Showing 11 changed files with 602 additions and 113 deletions.
diff --git a/docs/design.md b/docs/design.md
@@ -88,12 +88,16 @@ controls which transaction pointer is the primary.
 `magic number` must be set to the ASCII letters 'redb' followed by 0x1A, 0x0A, 0xA9, 0x0D, 0x0A. This sequence is
 inspired by the PNG magic number.
 
-`god byte`, so named because this byte controls the state of the entire database, is a bitfield containing two flags:
+`god byte`, so named because this byte controls the state of the entire database, is a bitfield containing three flags:
 * first bit: `primary_bit` flag which indicates whether transaction slot 0 or transaction slot 1 contains the latest commit.
-  redb relies on the fact that this is a single bit to perform atomic commits.
-* second bit: `recovery_required` flag, if set then the recovery process must be run when opening the database.
-  During the recovery process, the region tracker and regional allocator states -- described below -- are reconstructed
-  by walking the btree from all active roots.
+* second bit: `recovery_required` flag, if set then the recovery process must be run when opening the database. This can be
+  a full repair, in which the region tracker and regional allocator states -- described below -- are reconstructed by walking
+  the btree from all active roots, or a quick-repair, in which the state is simply loaded from the allocator state table.
+* third bit: `two_phase_commit` flag, which indicates whether the transaction in the primary slot was written using 2-phase
+  commit. If so, the primary slot is guaranteed to be valid, and repair won't look at the secondary slot. This flag is always
+  updated atomically along with the primary bit.
+
+redb relies on the fact that this is a single byte to perform atomic commits.
 
 `page size` is the size of a redb page in bytes
 
@@ -155,7 +159,9 @@ changed during an upgrade.
 
 ### Region tracker
 The region tracker is an array of `BtreeBitmap`s that tracks the page orders which are free in each region.

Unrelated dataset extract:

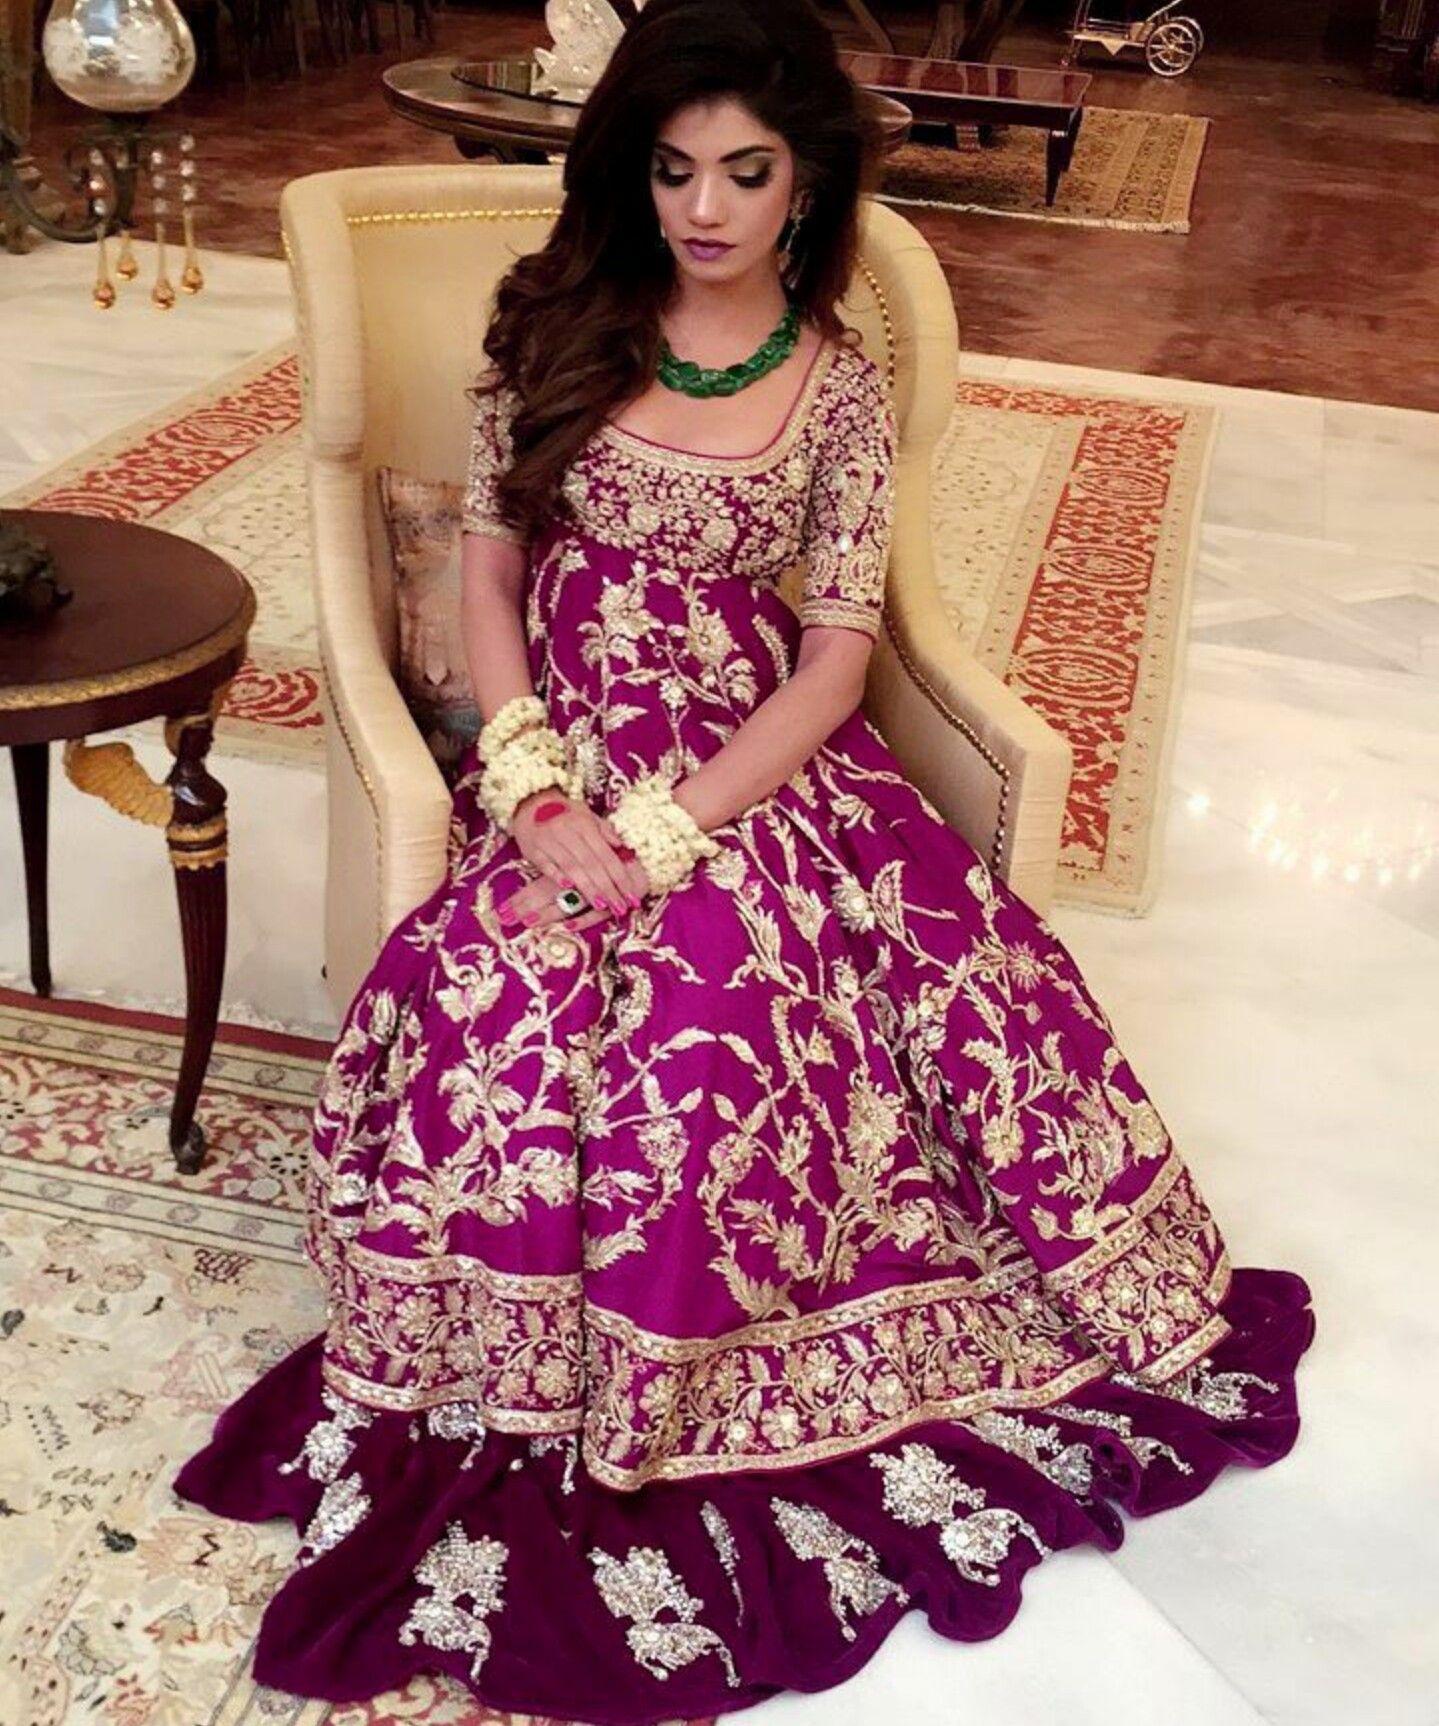 Pin de Nabila Anwar en bridal Inspo | Pinterest

-It is stored in a page in the data section of a region:
+There are two different places it can be stored: on shutdown, it's written to a page in the data section of
+a region, and when making a commit with `Durability::ParanoidPlus`, it's written to an entry in the allocator
+state table. The former is valid only after a clean shutdown; the latter is usable even after a crash.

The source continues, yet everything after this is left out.